Aim of the task:
Without any pictures, retype exactly the lines that begin at the one holding "Wie was Jan Anne Beijerinck" and end at the last line of the data below.

Stored data:
---

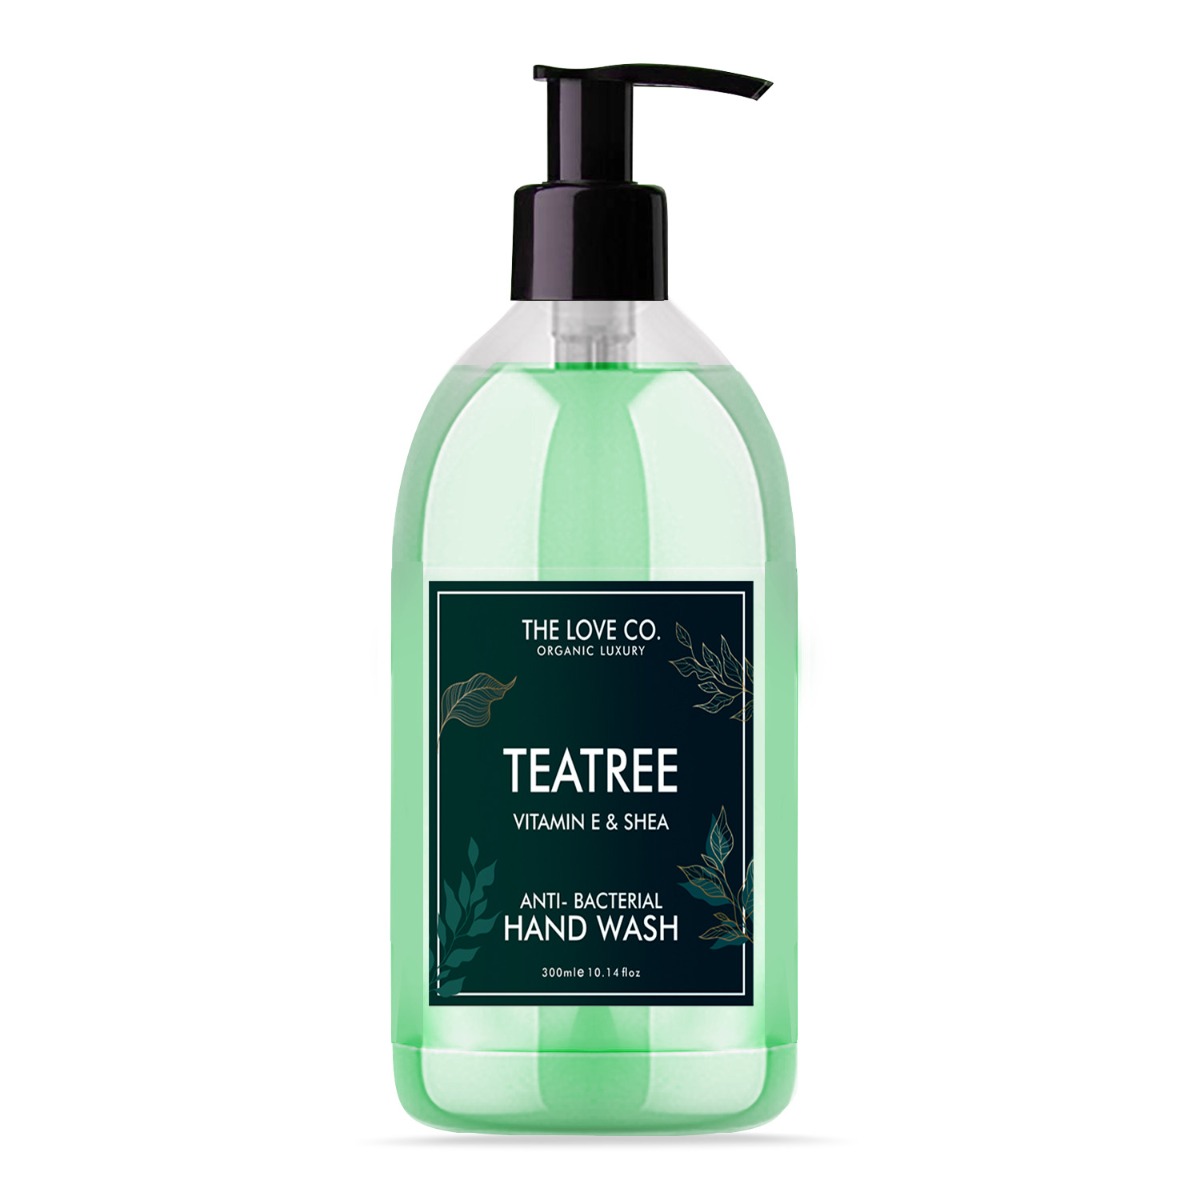 The Love Co. Tea Tree Anti-Bacterial Hand Wash, 300ml
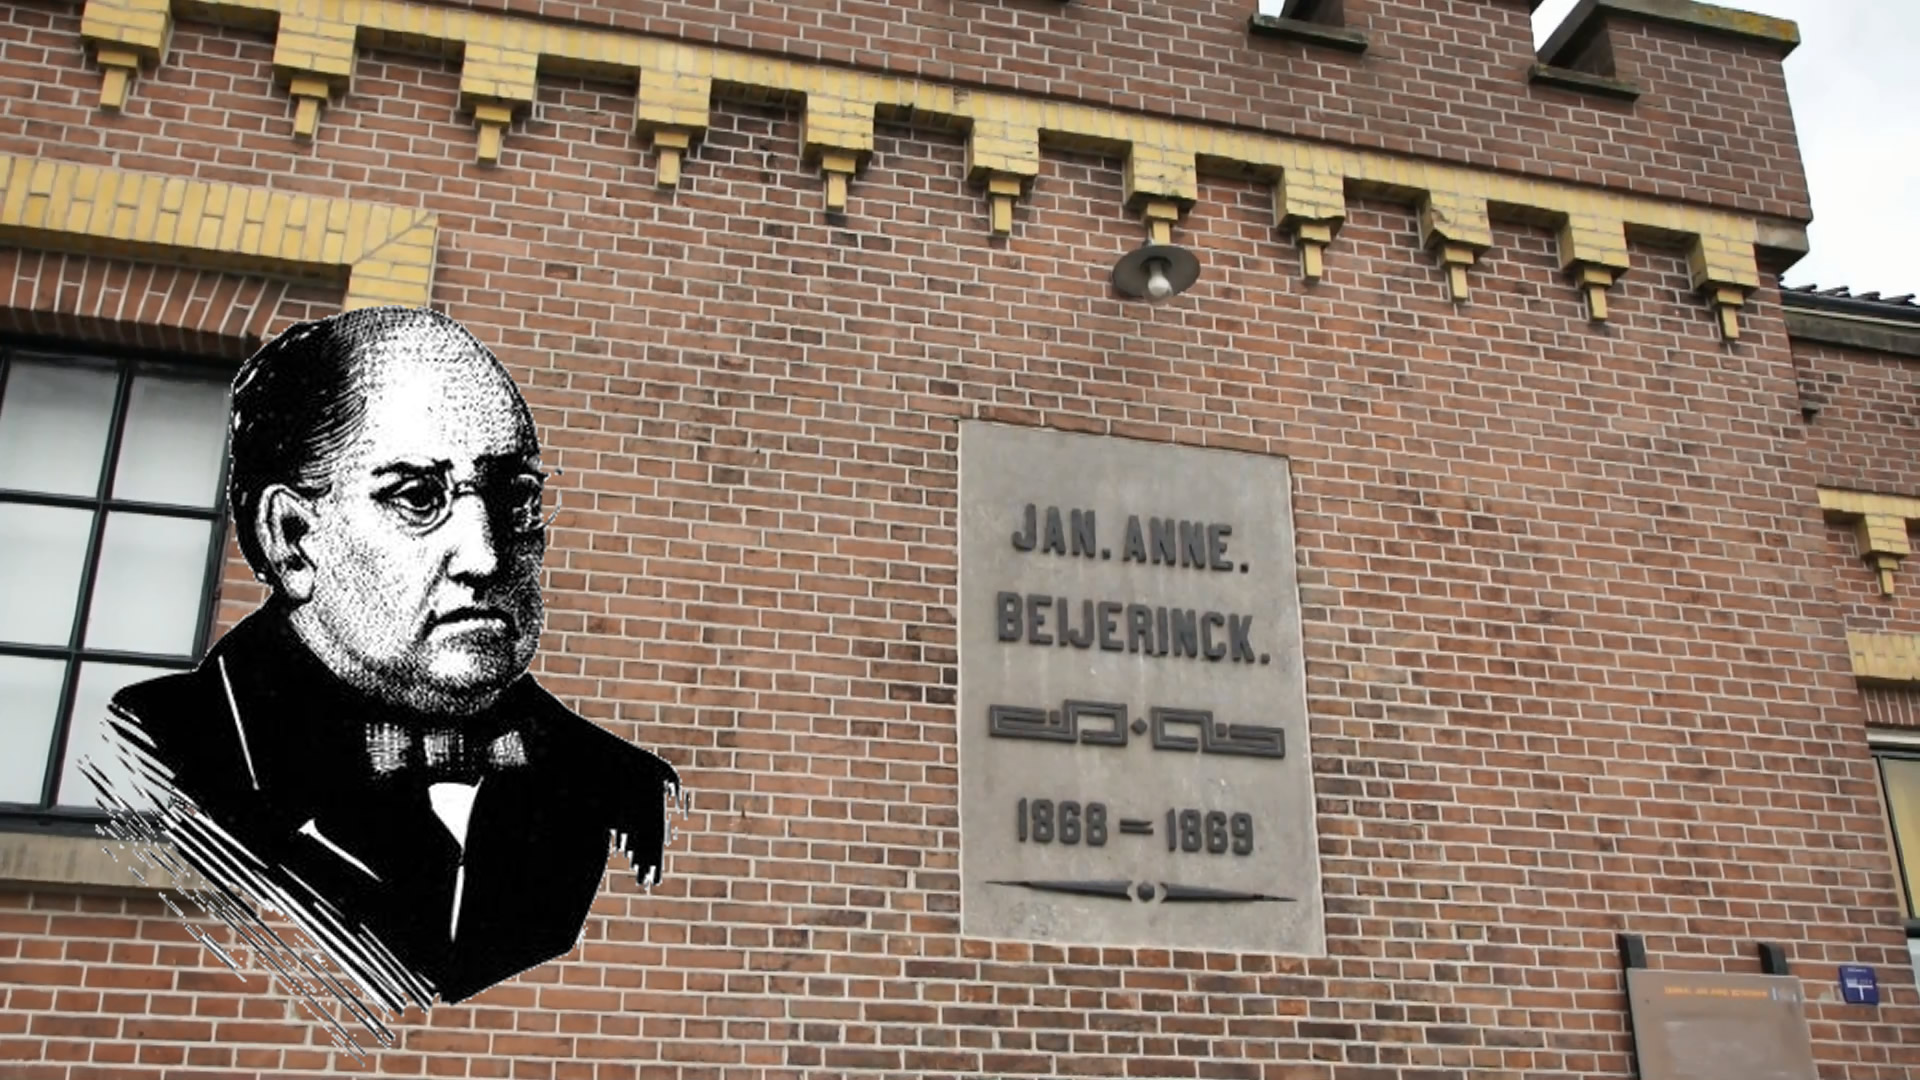 Wie was Jan Anne Beijerinck
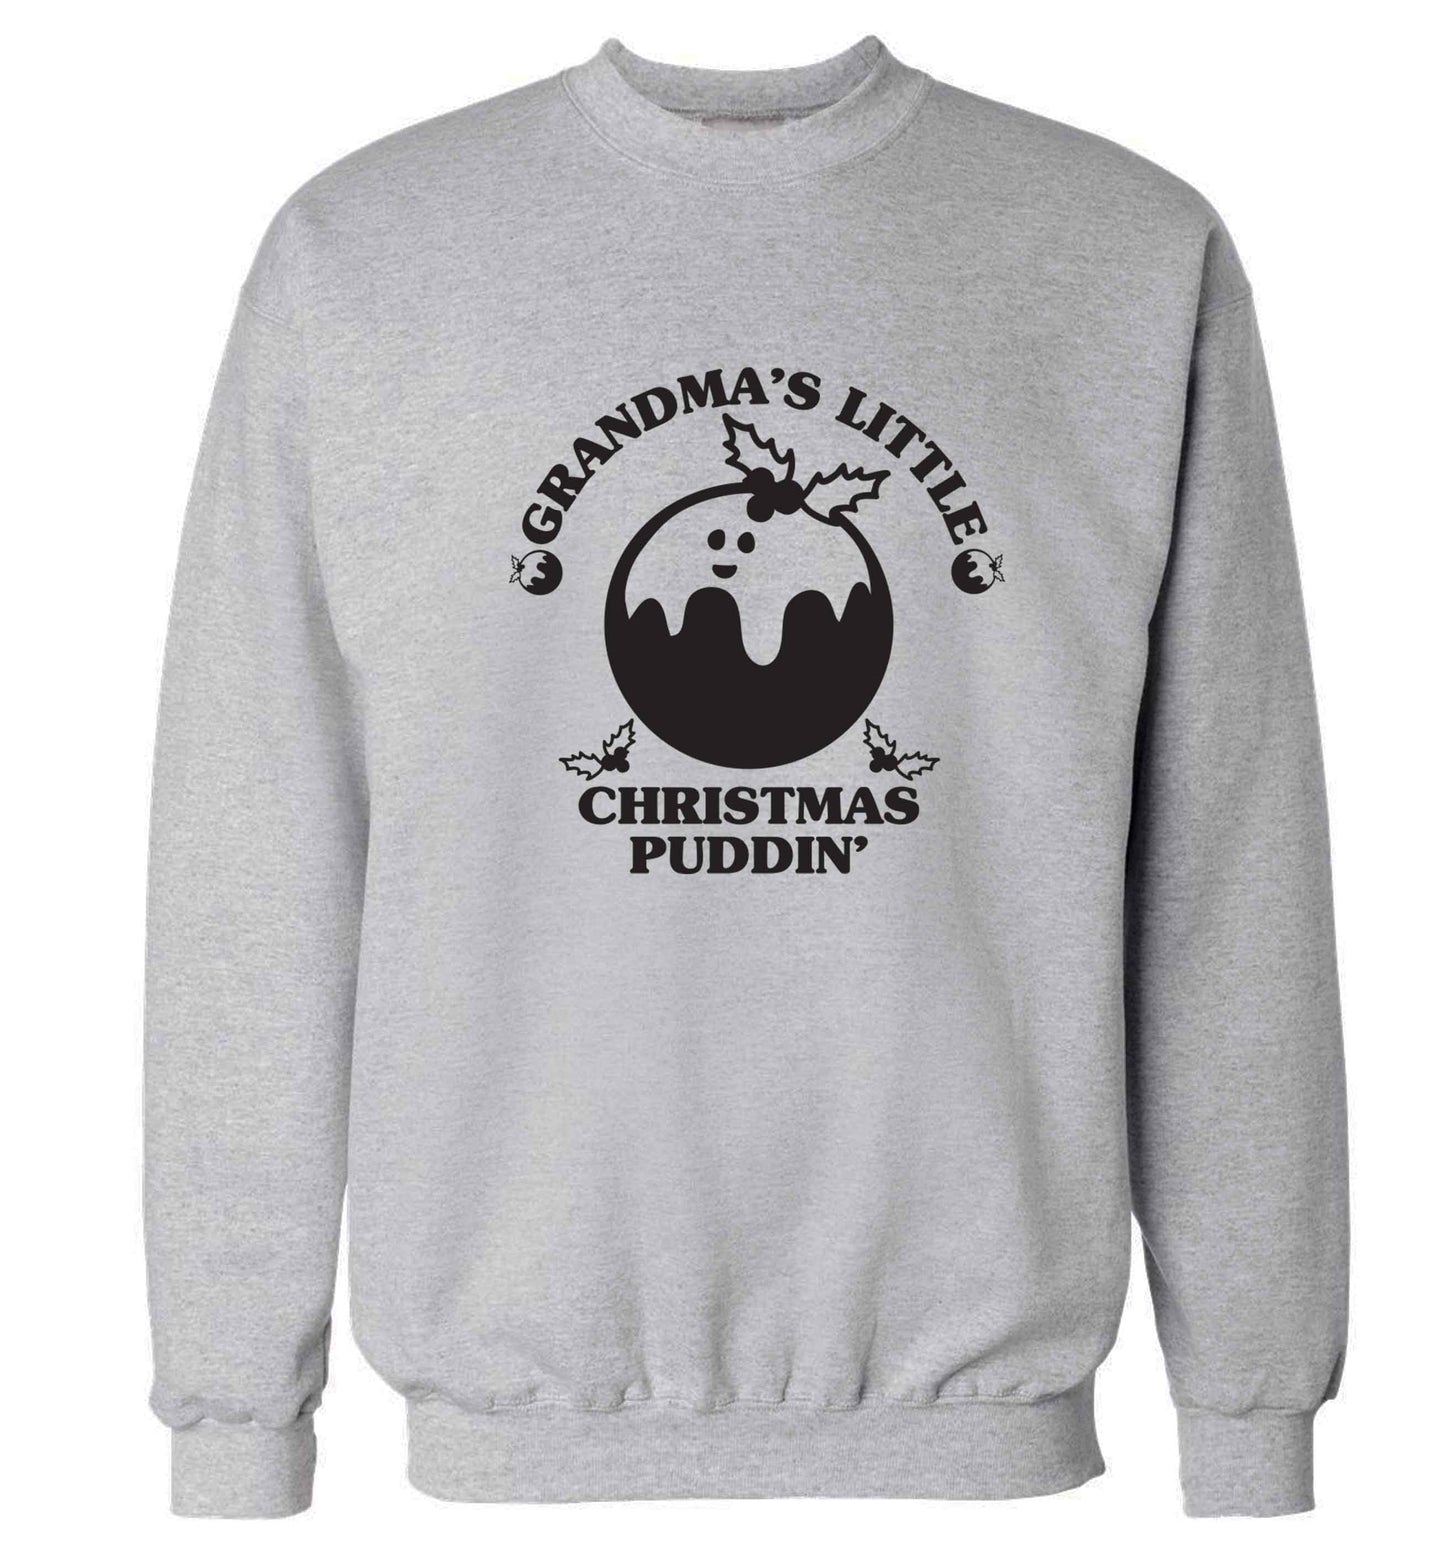 Grandma's little Christmas puddin' Adult's unisex grey Sweater 2XL
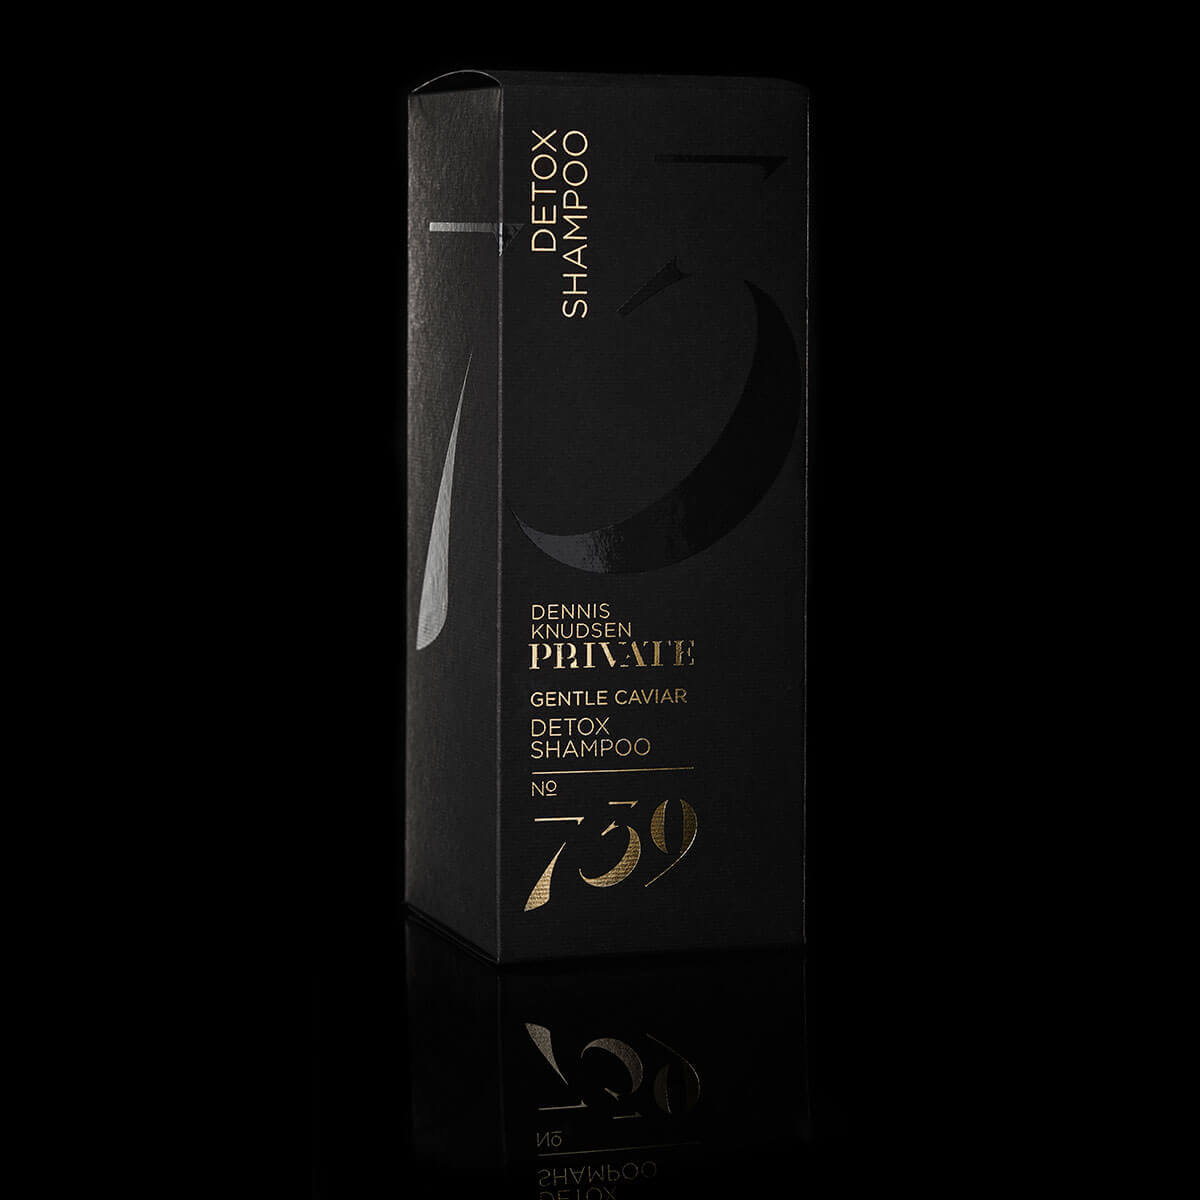 gentle caviar detox shampoo 739 dennis knudsen private box side

---

Task answer:
 Wie was Jan Anne Beijerinck
 Grandma's little Christmas puddin' Adult's unisex grey Sweater 2XL
 gentle caviar detox shampoo 739 dennis knudsen private box side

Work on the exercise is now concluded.